[TASK DETAILS]:
Everything in the data must be repeated exactly, apart from the pictures, which are left out.

[INFORMATION SHOWN]:
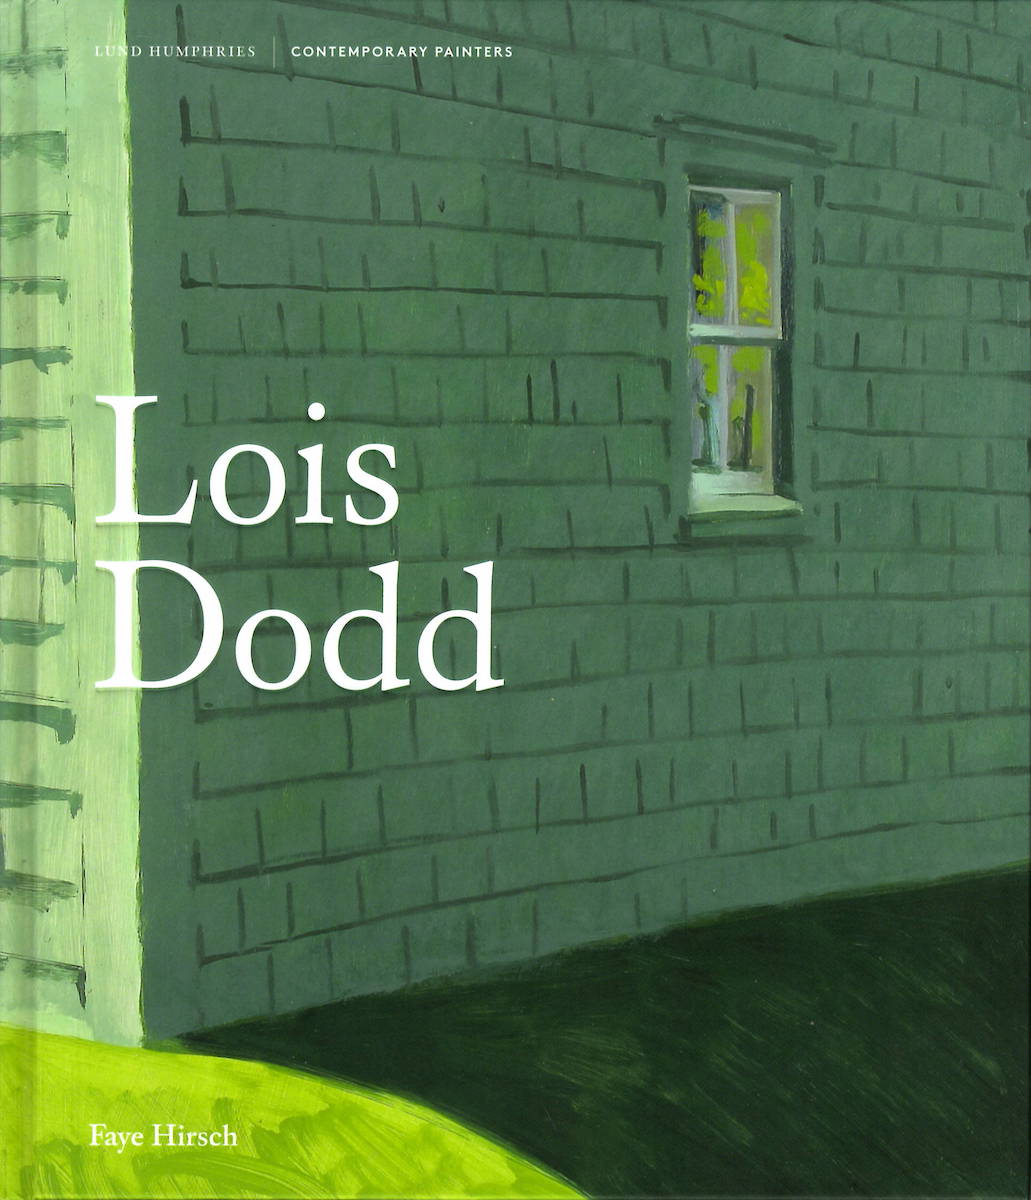 Lois Dodd
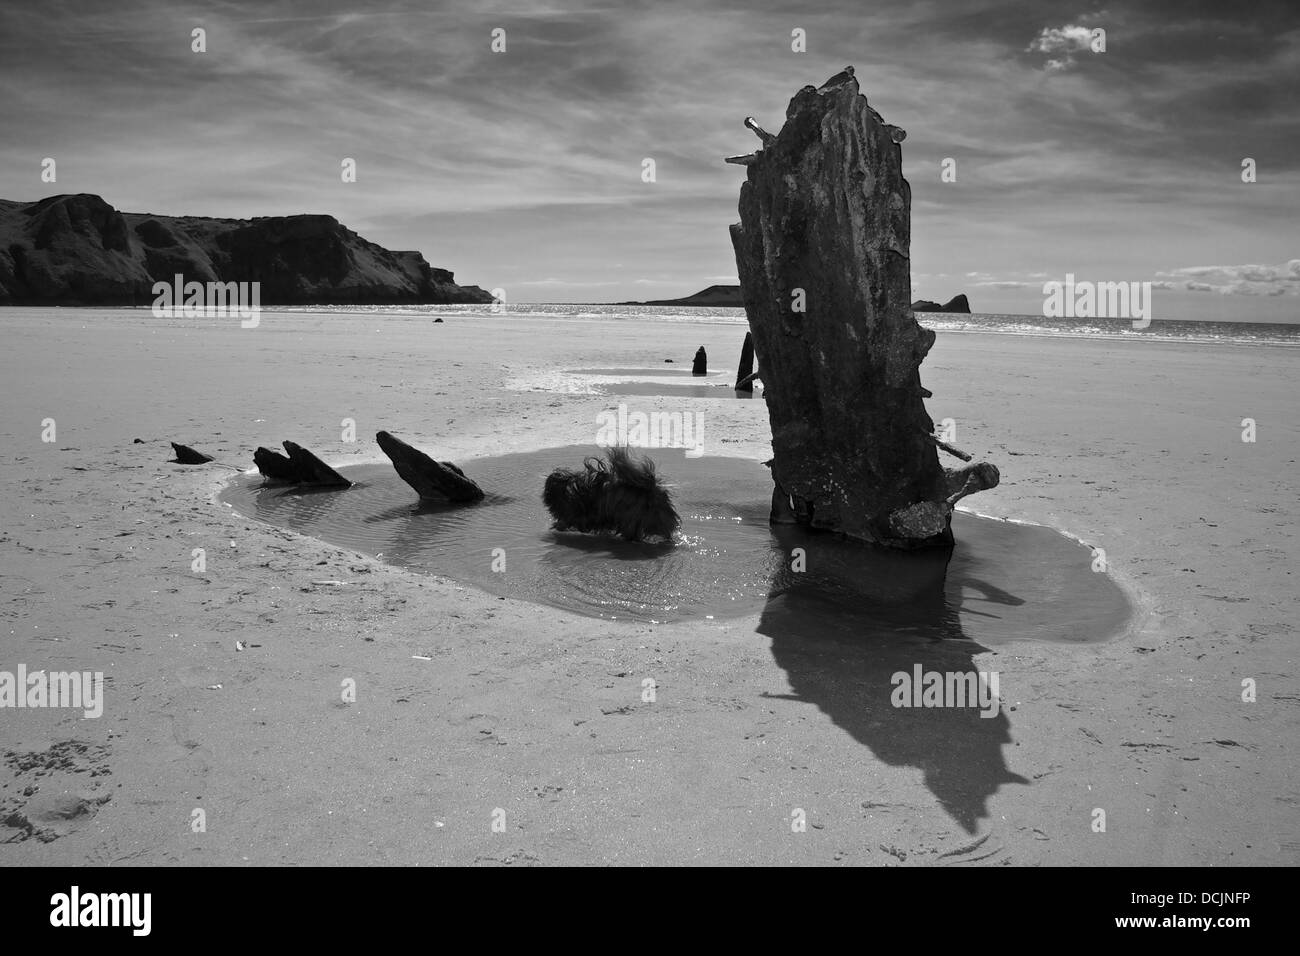 Shipwreck on the beach Stock Photo
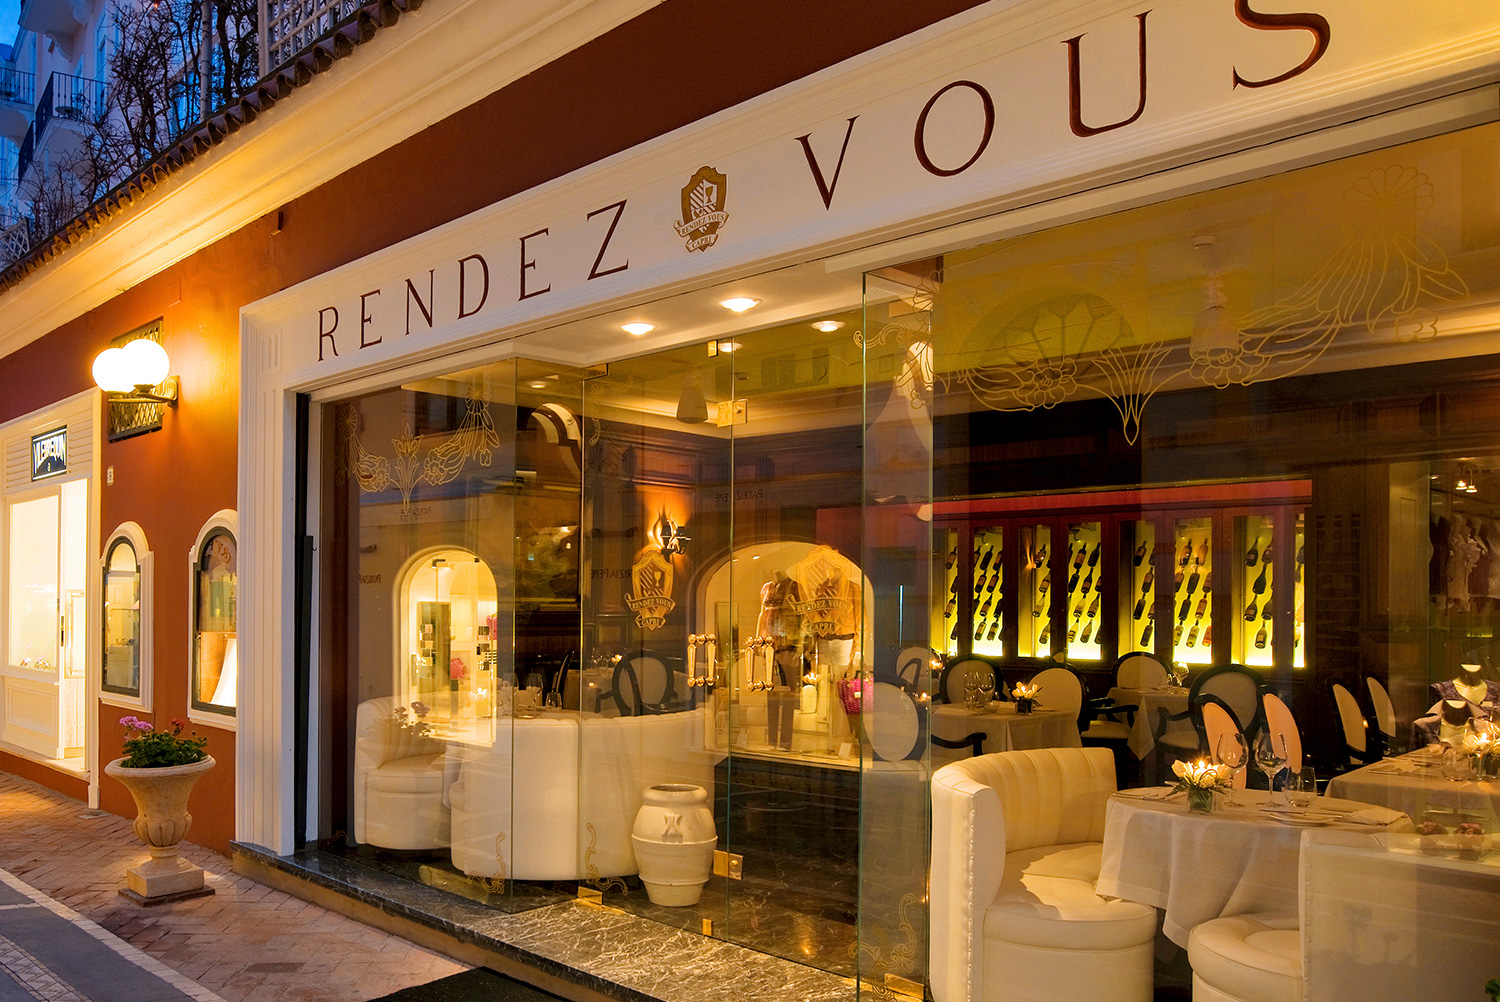 Rendez-Vous restaurant (at the Grand Hotel Quisisana)

[EXERCISE OUTPUT]:
 Lois Dodd
 Shipwreck on the beach Stock Photo
 Rendez-Vous restaurant (at the Grand Hotel Quisisana)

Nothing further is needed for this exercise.